- [Data to examine]
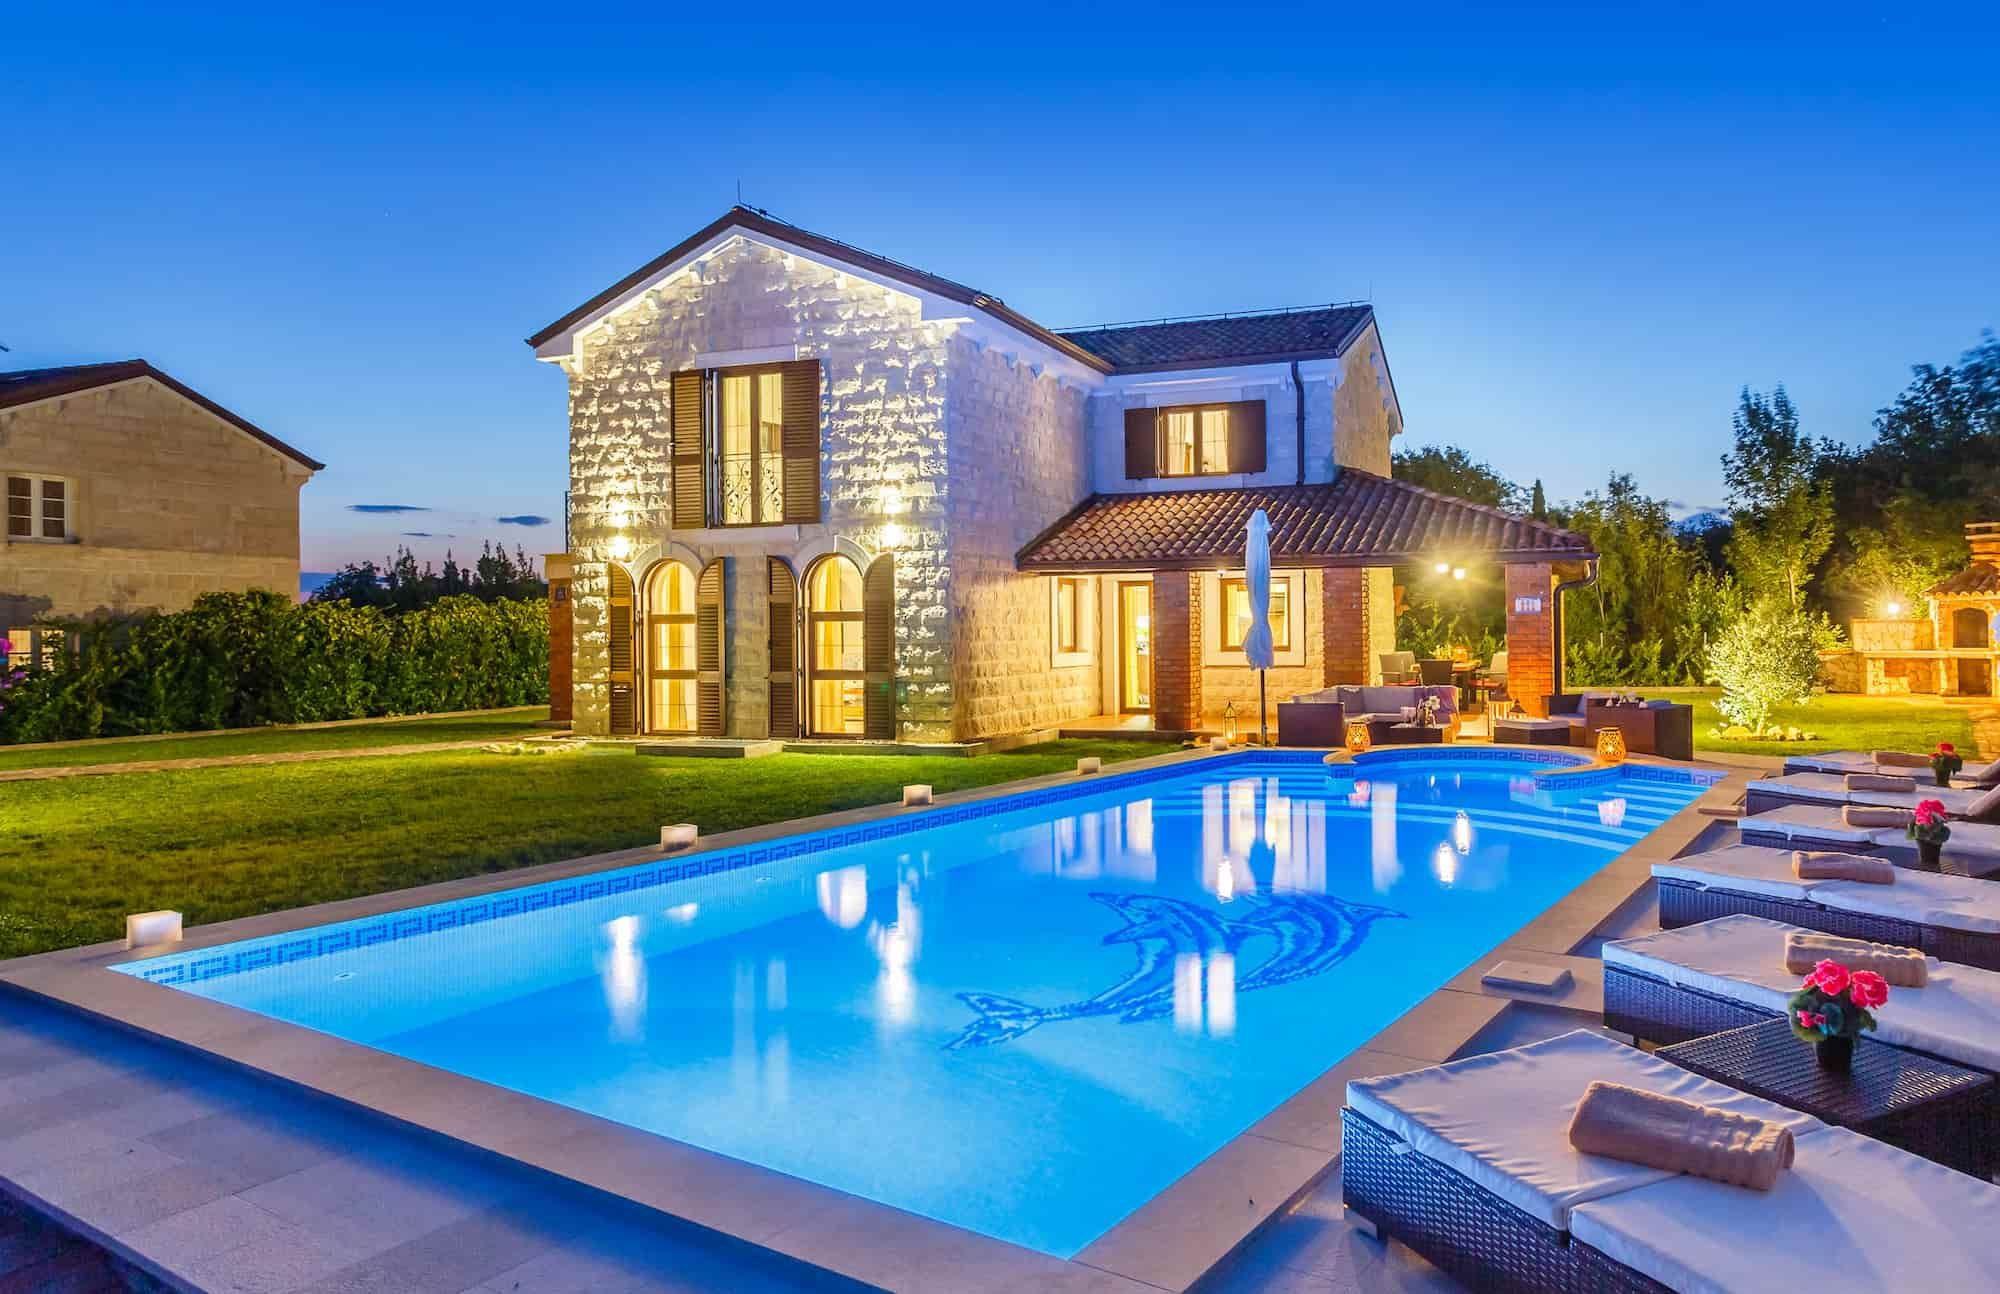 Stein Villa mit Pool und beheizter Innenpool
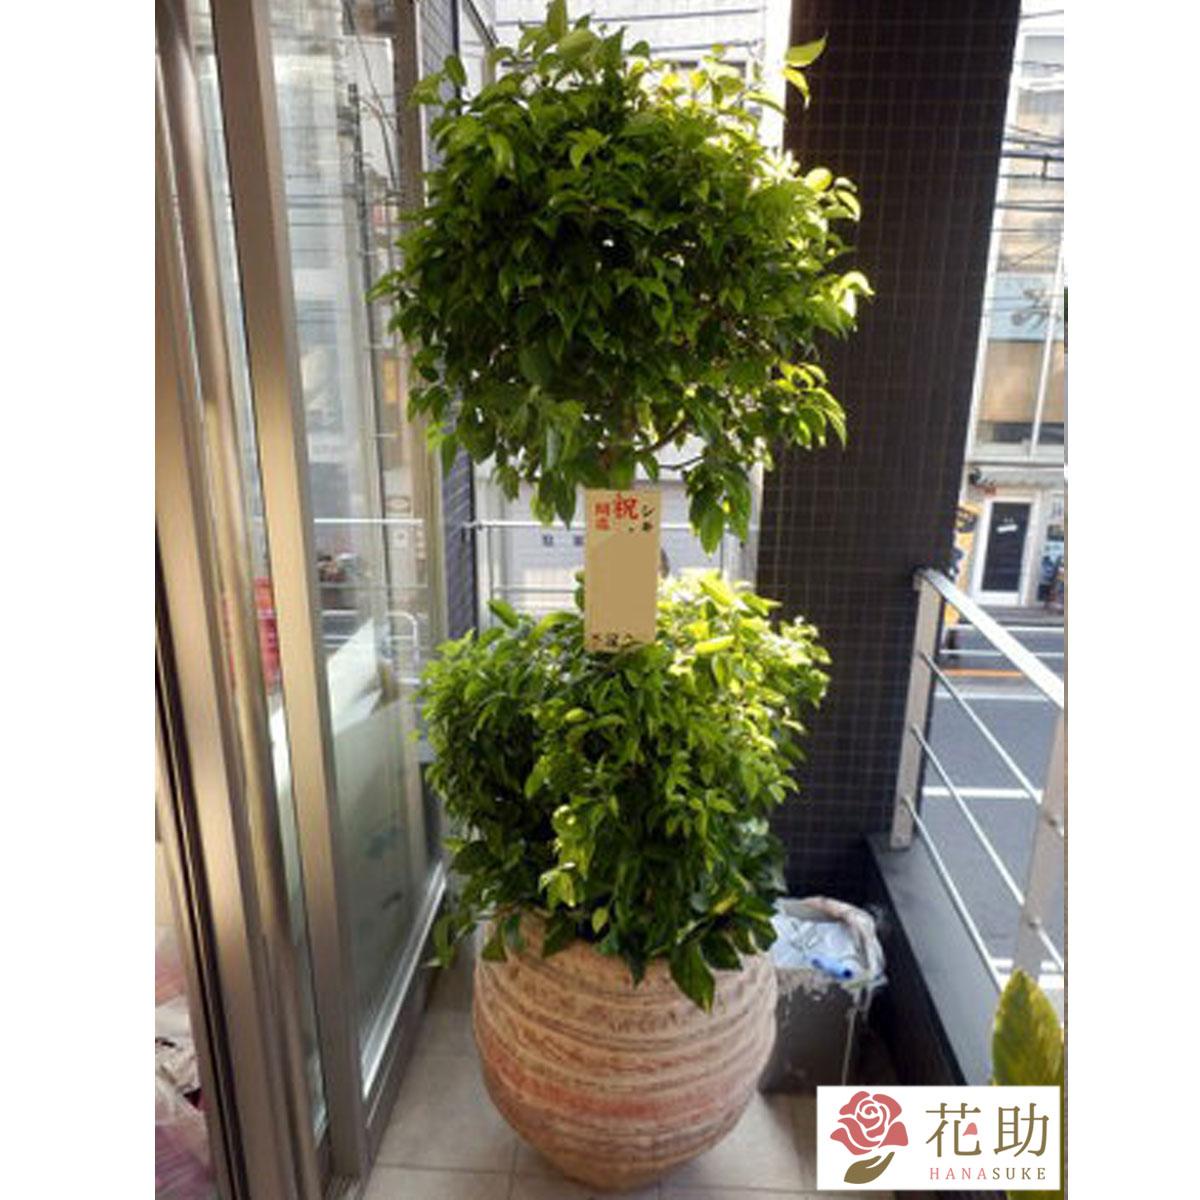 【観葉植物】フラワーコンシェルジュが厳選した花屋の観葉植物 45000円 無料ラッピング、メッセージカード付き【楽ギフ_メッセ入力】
==
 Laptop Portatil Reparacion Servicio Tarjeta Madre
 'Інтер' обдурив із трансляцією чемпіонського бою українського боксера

- [What the task requires] Using the listing above, copy exactly the line that contains "Laptop Portatil Reparacion", the line that contains "бою українського боксера", and each line that falls between them.

- [Reply to the exercise]
 Laptop Portatil Reparacion Servicio Tarjeta Madre
 'Інтер' обдурив із трансляцією чемпіонського бою українського боксера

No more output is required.